The doctor, who did not wear a surgical gown or cap, and neither washed his hands nor changed his gloves, operated on the women at night, by torchlight, using school desks as operating tables. He was aided by unqualified staff, who lay the women out on paddy straw when their operations had been completed.

Biswas said that neither the NGO nor the surgeon conducted pre-operative tests to determine suitability of the women for sterilization.

“As a result of these operations, three women were left profusely bleeding. Another woman was operated, despite being three-month pregnant. She miscarried days after the procedure.

“The surgeon left immediately after operating 53 women between 8pm and 10 pm. After the surgeries, all 53 women were crying out in pain. Though they were in desperate need of medical care, no one came to assist them,” she said.

Throughout India, Biswas said, rural women are routinely dehumanised in similar camps. “Reports and fact-findings from Maharashtra, Kerala and Madhya Pradesh demonstrate that standards of hygiene, consent and care are routinely ignored in sterilisation camps.”

On April 9, 26-year-old Bala underwent sterilisation at just such a camp in Nagaur district, Rajasthan. She died, allegedly of vasovagal shock, after her emergency post-operative transfer to a community health centre.

On February 9, a 35-year-old mother of six, Rekha Wasnik, who was pregnant with twins, bled to death in Madhya Pradesh’s Balaghat district.

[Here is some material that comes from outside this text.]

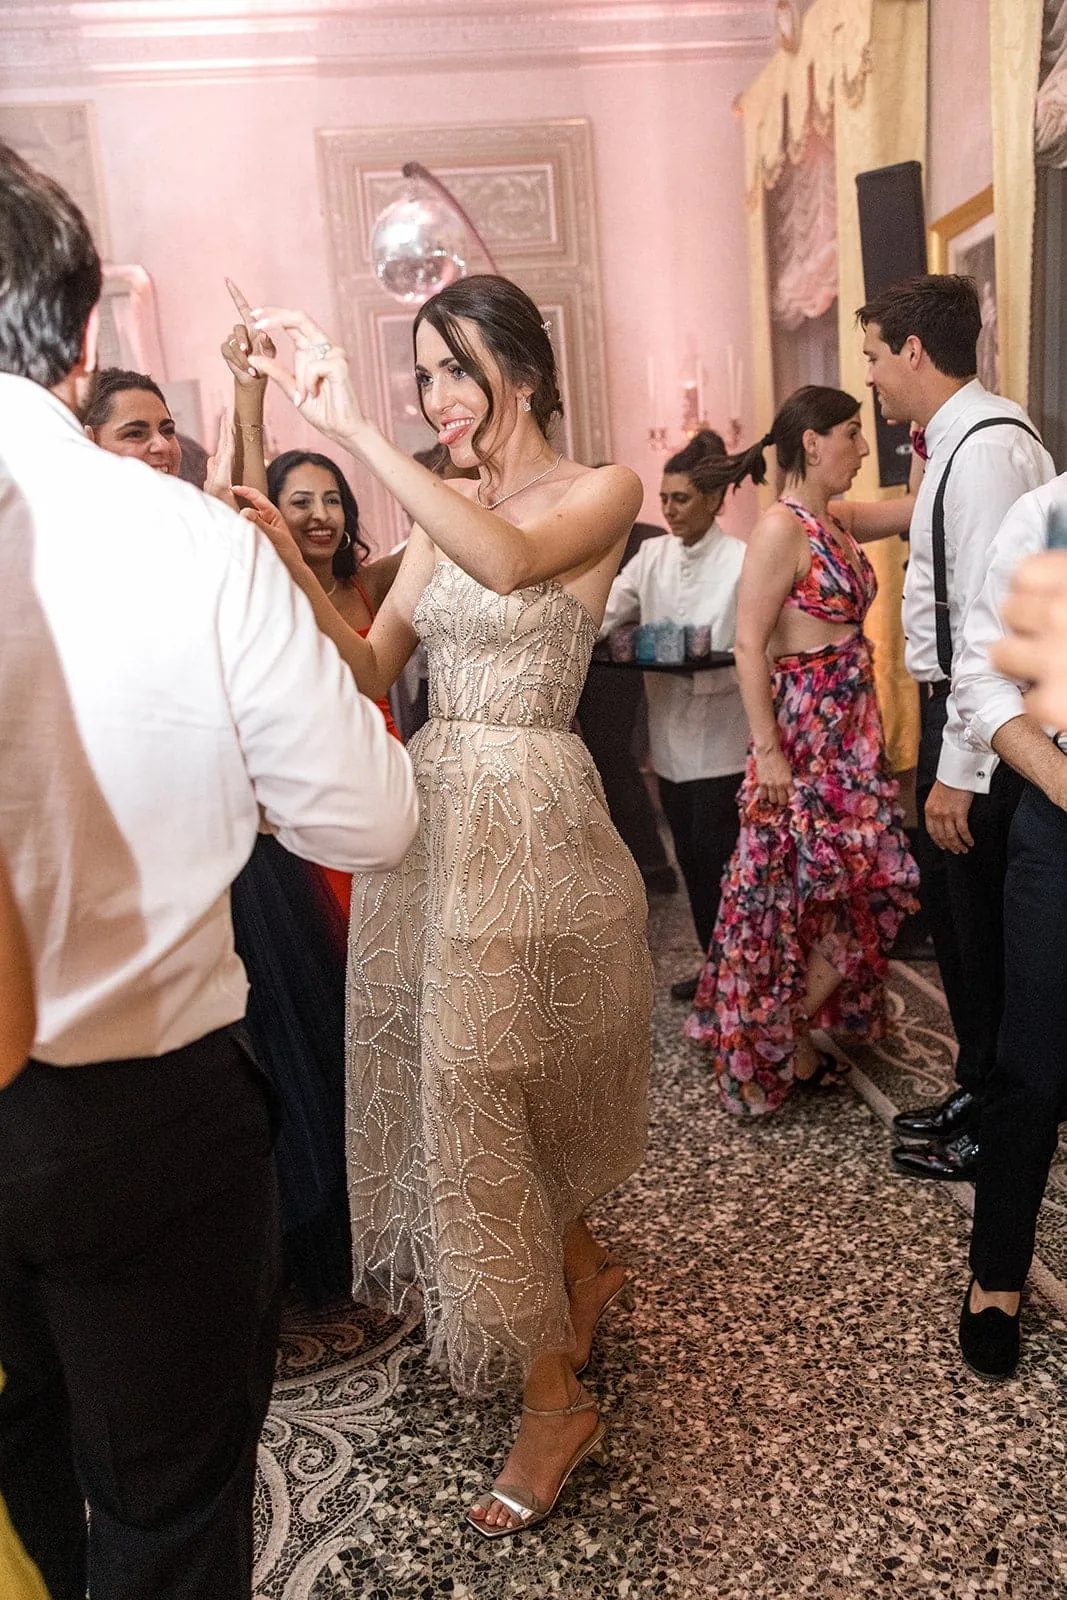 Fashion-Focused Villa Pizzo Wedding of the Year

She had been given no pre-operative check-up and sources in the district say she died of “sheer negligence”; her post-mortem report described “external and internal bleeding” in her uterus, from injuries caused by a sharp and pointed instrument as the cause of her death.

Dr Anita Parashar, who performed the operation, told the Times of India that she made the first incision and found that Wasnik was pregnant. “So I stitched her up and told her to undergo an abortion.”

Dr Parashar said that she received a call later to inform her that the woman was feeling “unwell”.

Both men and women are routinely offered lottery tickets, electrical goods and even cars in exchange for being sterilised; often, the promised goods do not materialise.

In Madhya Pradesh, men have even been offered gun licences in exchange for vasectomies, under a scheme launched in 2008.

After a survey found that most men refused vasectomies because they did not want to lose their “manliness,” the Government decided to offer a gun licence as a “bigger symbol of manliness”.

In 2012, poor Indians are still sometimes forced to accept sterilisation in return for medicine or vaccines, either for themselves (in the case of a 16-year-old boy with a fever), or for their children. Some have even been threatened with the loss of their state food rations if they do not agree to the procedure.

Still others have woken, confused, after being drugged and operated on, perhaps with a little money in their pocket as compensation.

NGOs and officials continue to meet their quotas by any means possible, whether to stave off penalties or to earn bonuses for themselves.